Na eleição de 2022, o atual governador Jerônimo Rodrigues (PT) obteve uma vitória expressiva na região. Ao todo, foram 117.607 votos (57,73%), contra 86.087 votos (42,26%) de ACM Neto (União Brasil). O petista venceu em praticamente todos os municípios do território, incluindo cidades estratégicas como Jequié, Ipiaú, Jitaúna, Dário Meira e Manoel Vitorino.
Em Jequié, principal colégio eleitoral da região, Jerônimo teve 46.153 votos (51,41%), contra 43.614 (48,59%) de ACM Neto, uma diferença apertada que já indicava um ambiente mais competitivo. Em contrapartida, em municípios menores, a vantagem foi mais ampla, como em Manoel Vitorino, onde o governador alcançou 78,03% dos votos, e em Dário Meira, com 75,90%.
Apesar desse desempenho eleitoral consolidado, o cenário político atual aponta para um avanço significativo do grupo liderado pelo prefeito de Jequié, Zé Cocá (PP). Após as eleições municipais e recentes declarações de alinhamento, cidades como Aiquara, Apuarema, Boa Nova, Barra do Rocha, Itagibá, Itamari e Manoel Vitorino passaram a integrar ou orbitar o campo político do gestor jequieense.
O dado que mais chama atenção é que, em muitos desses municípios, Jerônimo foi majoritário em 2022. Em Boa Nova, por exemplo, o governador obteve 74,15% dos votos; em Apuarema, 64,56%; e em Barra do Rocha, 65,36%. Ainda assim, esses territórios hoje estão politicamente mais próximos do grupo de oposição ao governo estadual.

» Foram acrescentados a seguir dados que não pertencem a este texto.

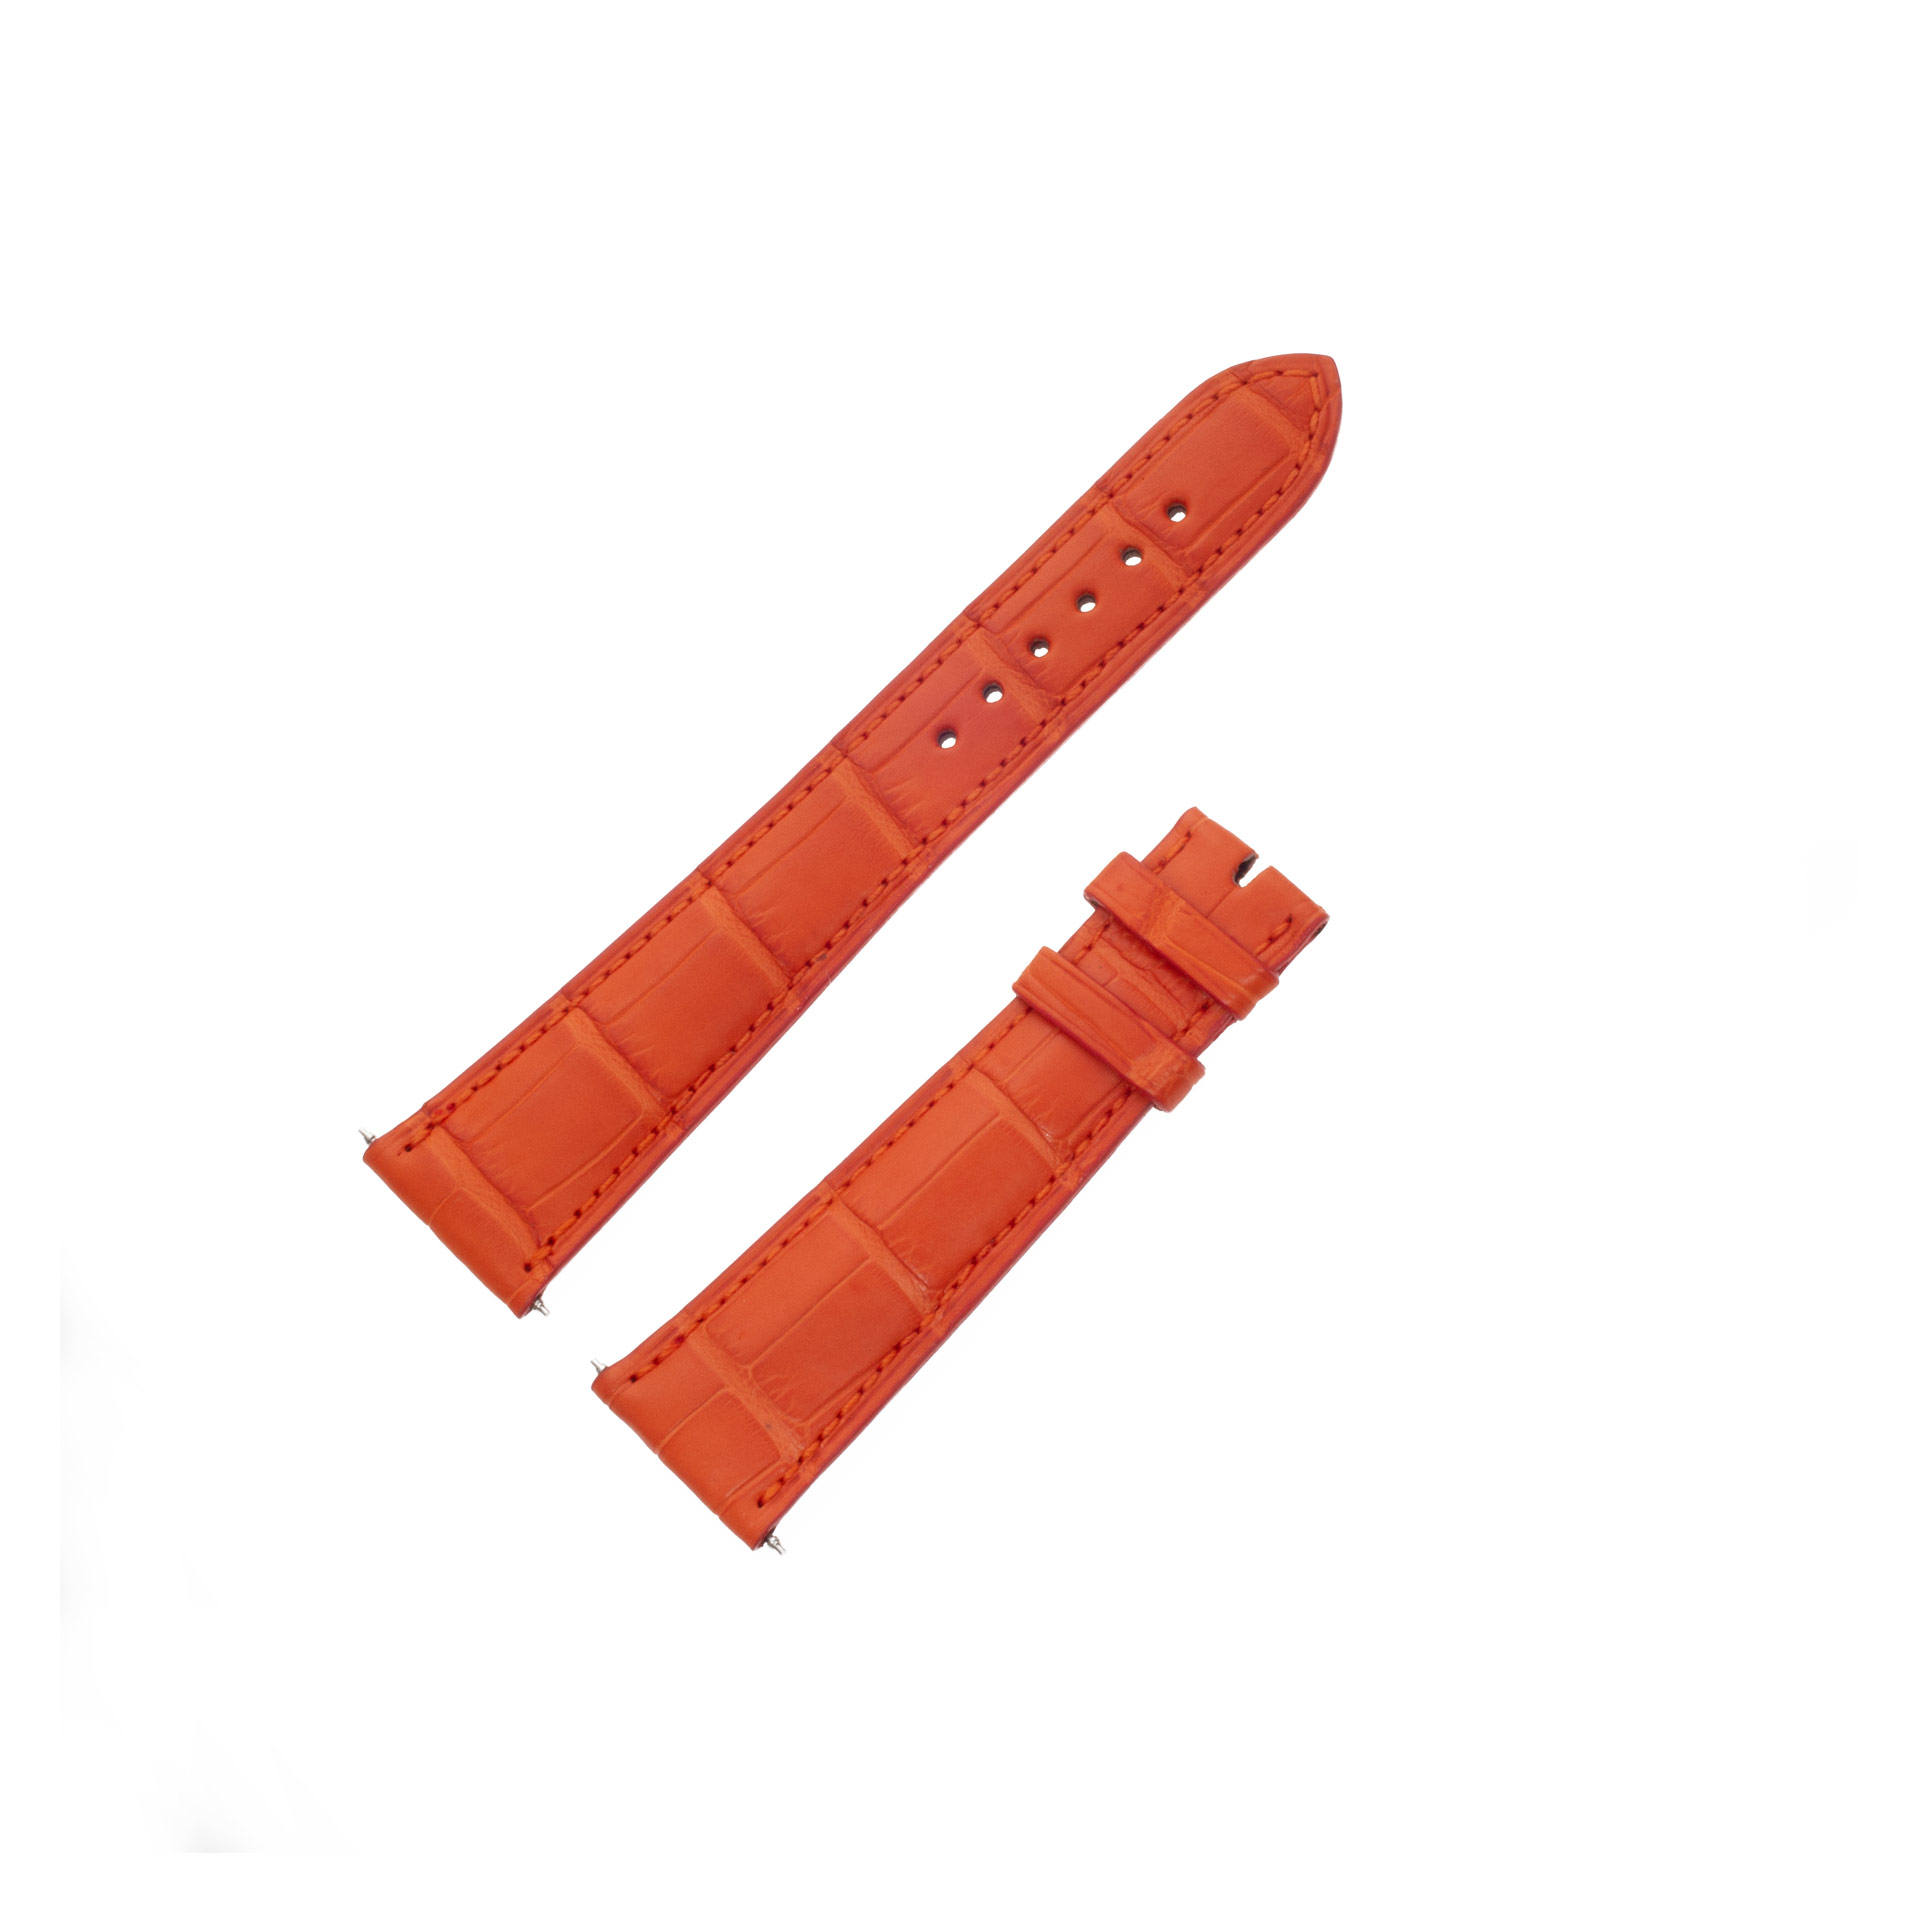 Parmigiani orange alligator strap for tang buckle (20x16)

Por outro lado, o governador mantém uma base consistente em municípios importantes do eixo Ipiaú e Médio Rio de Contas. Em Ipiaú, Jerônimo teve 57,55% dos votos; em Jitaúna, 72,15%; e em Ibirataia, 54,39%. Além disso, o município de Itagi, onde o petista obteve 52,79%, já declarou alinhamento com o governo, reforçando a presença institucional do grupo na região.
Com isso, o cenário atual indica uma divisão mais clara entre blocos políticos. De um lado, o grupo de Jerônimo Rodrigues mantém vantagem eleitoral comprovada nas urnas. Do outro, o grupo liderado por Zé Cocá amplia sua presença territorial por meio da articulação com prefeitos e lideranças locais.
A leitura é de que a eleição de 2026 na região de Jequié deverá ser marcada menos pela disputa difusa e mais por uma polarização organizada, com redução dos espaços neutros e maior definição de campos políticos.
O ponto central, a partir de agora, será a capacidade de conversão: se os prefeitos conseguirão transferir apoio político em votos ou se o eleitor manterá o padrão observado em 2022, votando de forma distinta nas esferas municipal e estadual.
A região de Jequié, que já teve papel relevante no último pleito, tende novamente a se consolidar como um dos principais termômetros da política baiana nos próximos anos.
Publicado por:
Rafael Gomes
Natural de Ipiaú e radicado em Jequié, onde reside desde 2012. Jornalista com registro n.º 0007012/BA, atua como redator e gerente de mídias da 95 Fm de Jequié. Escritor com dois livros de poesias publicado, atua com maior ênfase no editorial de...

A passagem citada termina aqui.